The teenagers read at CASE, the Socio-Educational Centre Library at Ji-Paraná, a city in the Brazilian state of Rondônia. With both group activities and classes suspended because of the COVID-19 pandemic, individual readings are being promoted by the CASE team as a leisure option for teenagers. The library hasn’t been officially opened yet, but the initial idea was for it to be a place for group readings followed by discussions and debates. But as the coronavirus pandemic swept across the world, a change in plans was necessary.

Antônio believes that reading helps him to take his mind off things and it also provides him with a learning opportunity. Marcelo agrees that it’s been good to get out of the house and still be able to learn while in this current situation. Both say that they will continue to go to the library after quarantine is over.

Cristiano Cabral, a psychologist at the Centre responsible for monitoring the activities, adds that “the teens are delighted with reading”. According to him, the environment is so pleasant that teenagers feel that time flies by so quickly that they are surprised when reading time is over. Cabral explains that the reading is done on an alternating basis and that a lot of young people are eager for their turn.

The library is part of the Give a Book for a New Story (Dê um livro para uma nova história) project. Ivone Cristina Soares, a technical director for CASE who is involved in the project, says that the unit had room for a library, but books and equipment were missing. Thus, they came up with the idea to find additional resources. Youths were invited to help choose the books that would be purchased, to help encourage their interest in reading.

Online service – The library also has computer access, which allows its users to have online meetings with the Ji-Paraná’s Public Defender’s Office. Public defender Lívia Iglesias is in talks with both teenagers about their legal cases to establish a relationship of trust with them. She points out the importance of holding online meetings with the youth because before the outbreak of the pandemic, she used to visit the Centre once a week.
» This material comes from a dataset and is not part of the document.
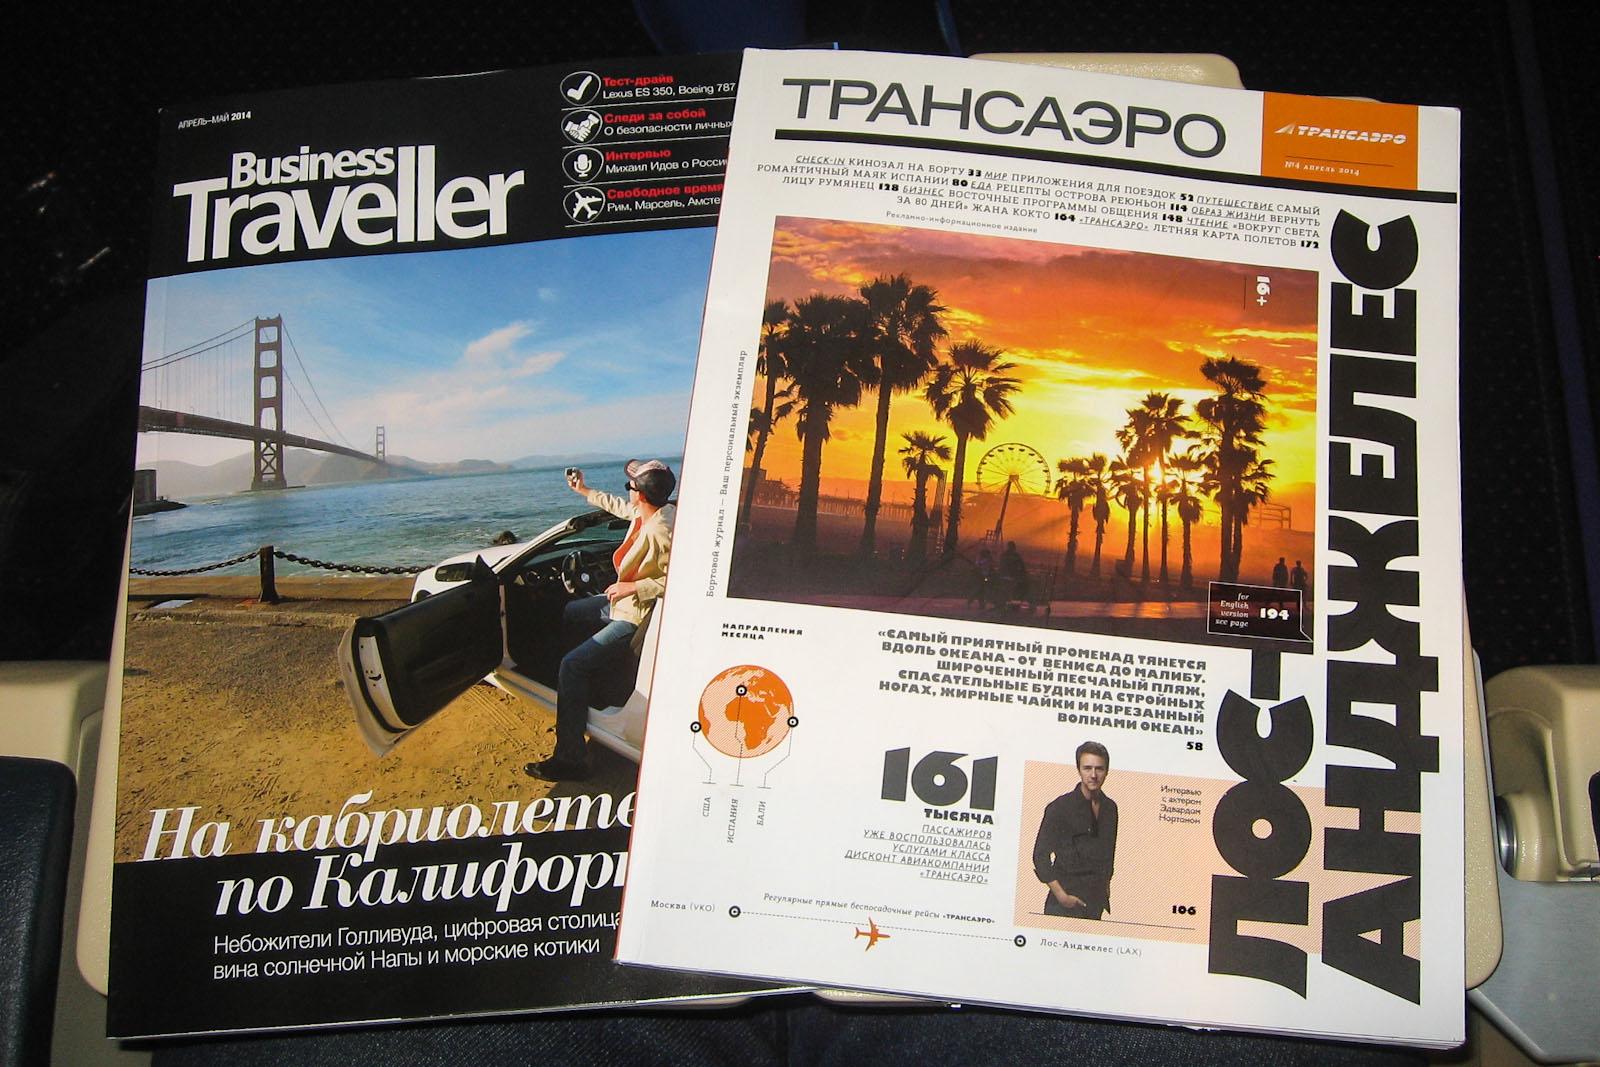 Журналы для пассажиров Трансаэро

“They want to know a lot of things or just talk,” says Lívia, who has been working with children and teenagers for five years. According to her, the reassurance that technology brings to the teens is remarkable. Young people rate online conversations as “nearly the same” as face-to-face ones.

Uirapuru Project – The library was one of the proposals selected by Uirapuru, a project from the Ministry of Public Labor (MPT) in the states of Rondônia and Acre that works in partnership with the United Nations Office for Project Services (UNOPS). CASE was funded both by the money that the local branch of the MPT collected through fines and brought to life under UNOPS’ technical support in space creation and the purchase of books, furniture, and computers.

Through Uirapuru, the MPT aims to increase the social impact of its actions by promoting projects that contribute to the social well-being of the population under its regional influence. The local MPT’s goals are in alignment with the United Nation’s 2030 Agenda for Sustainable Development. Agenda 2030 is based on 17 global goals that serve as a blueprint to achieve a better and more sustainable future for all.

(*) The interviewees had their names withheld.